Next, McDonald, Puleo, and Shadmani use a well-regarded measure for the “fair” value of interest rates to measure the degree to which the Fed is influencing interest rates, and find that Fed’s actions are correlated with a modest negative impact on US equity prices. Trainor, Chhachhi, and Brown examine an option-based portfolio insurance strategy where a fixed percentage of the portfolio is used to purchase in the money long-term call options with the remainder invested in a standard investment grade bond fund. As constructed, these portfolios outperform put option-based portfolio insurance strategies and perform as well as a CPPI, with the added advantage of not needing to be actively managed. Park constructs a 10-year realized term premium from the 10-year zero coupon Treasury yield in year 1 and the ex post 3-month Treasury yields from years 1 to 10. The realized term premium swung wildly until the mid-1980s, and then fluctuated within a fairly stable range showing no trend. Emm and Trevino explore the extent to which a risky investment, like stocks, can become safer given a longer holding period. Their findings lend support to the common practice of investing more aggressively as the investment horizon lengthens.

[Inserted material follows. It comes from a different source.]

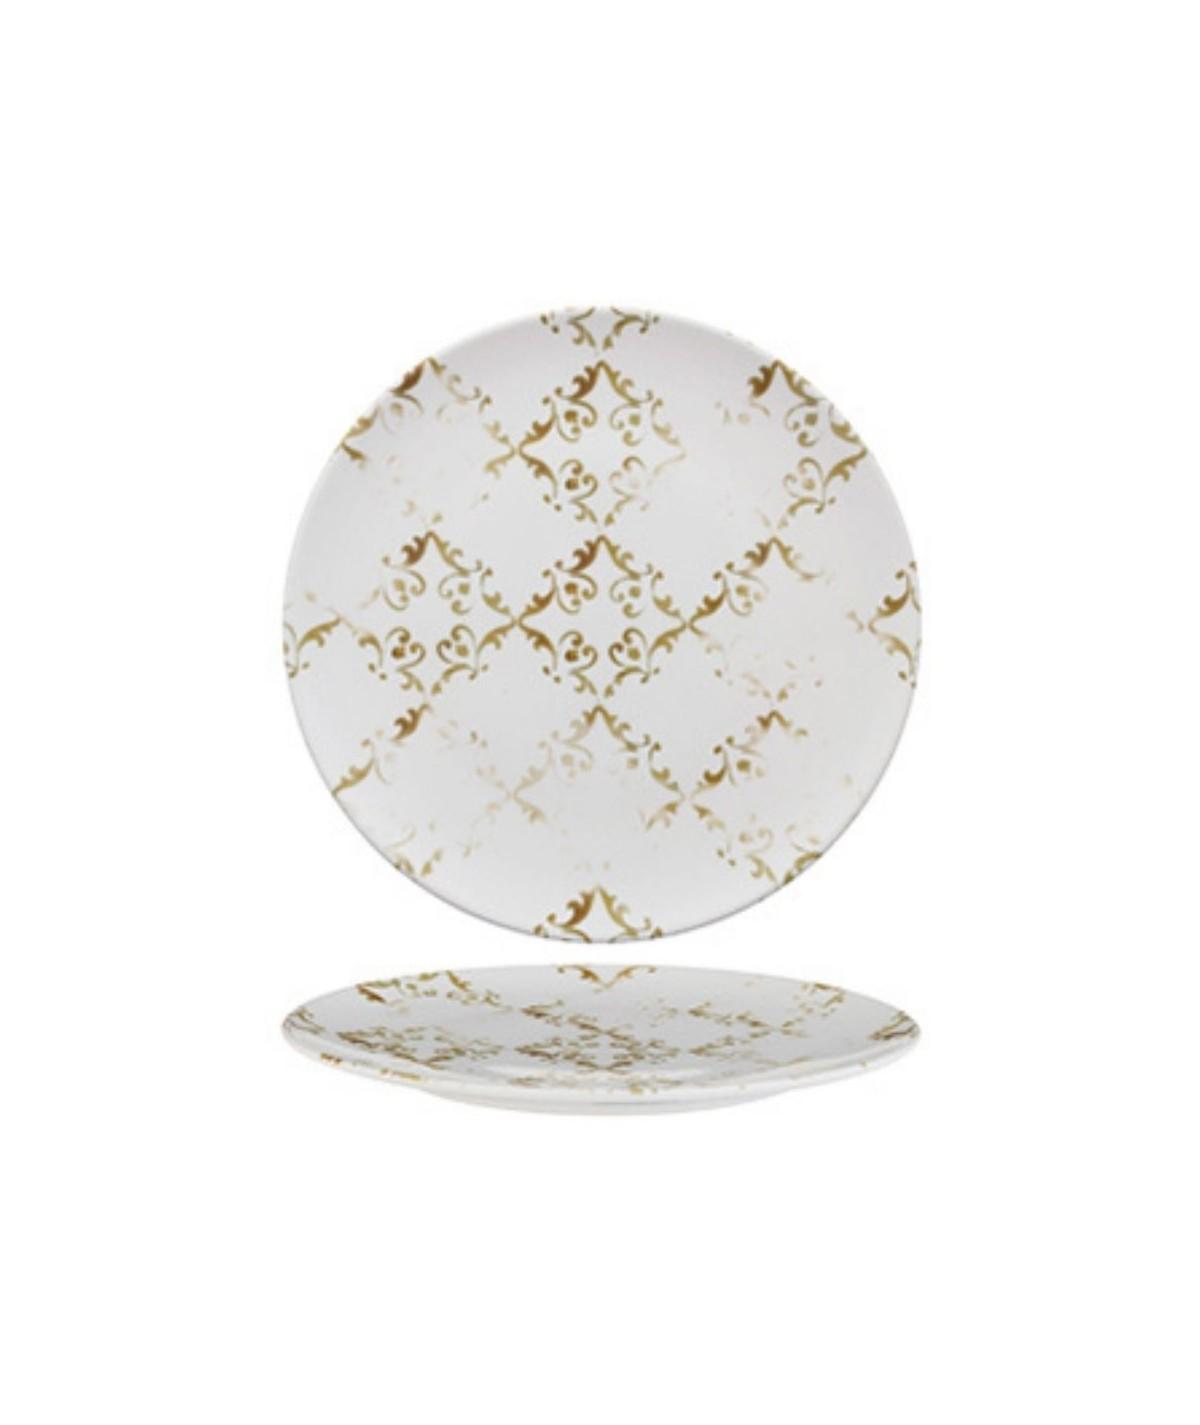 Piatto piano in porcellana Corinto set 6 pezzi - Morini

As we continue, de Franco and Monnier assess the value added of a multi-factor portfolio from a performance-agnostic point of view. They conclude that the measure that underlies this equal-weighting of factors has zero predictive power on cross-sectional differences in stocks’ returns. Martin and Sankaran provide evidence on using the Black-Litterman (1991, 1992) asset allocation model and show that if investors form even partially-correct opinions on small-cap and emerging market stocks, portfolio performance would have improved vis-à-vis no opinions. They conclude that investors may benefit more from investing resources in forming opinions on the future direction of small-cap and emerging market stocks relative to large-cap stocks.
To conclude the issue, Brooks, Tsuji, and Villalon seek to apply the wisdom of many famous investors systematically; to ask whether their philosophies applied broadly might still generate “alpha.”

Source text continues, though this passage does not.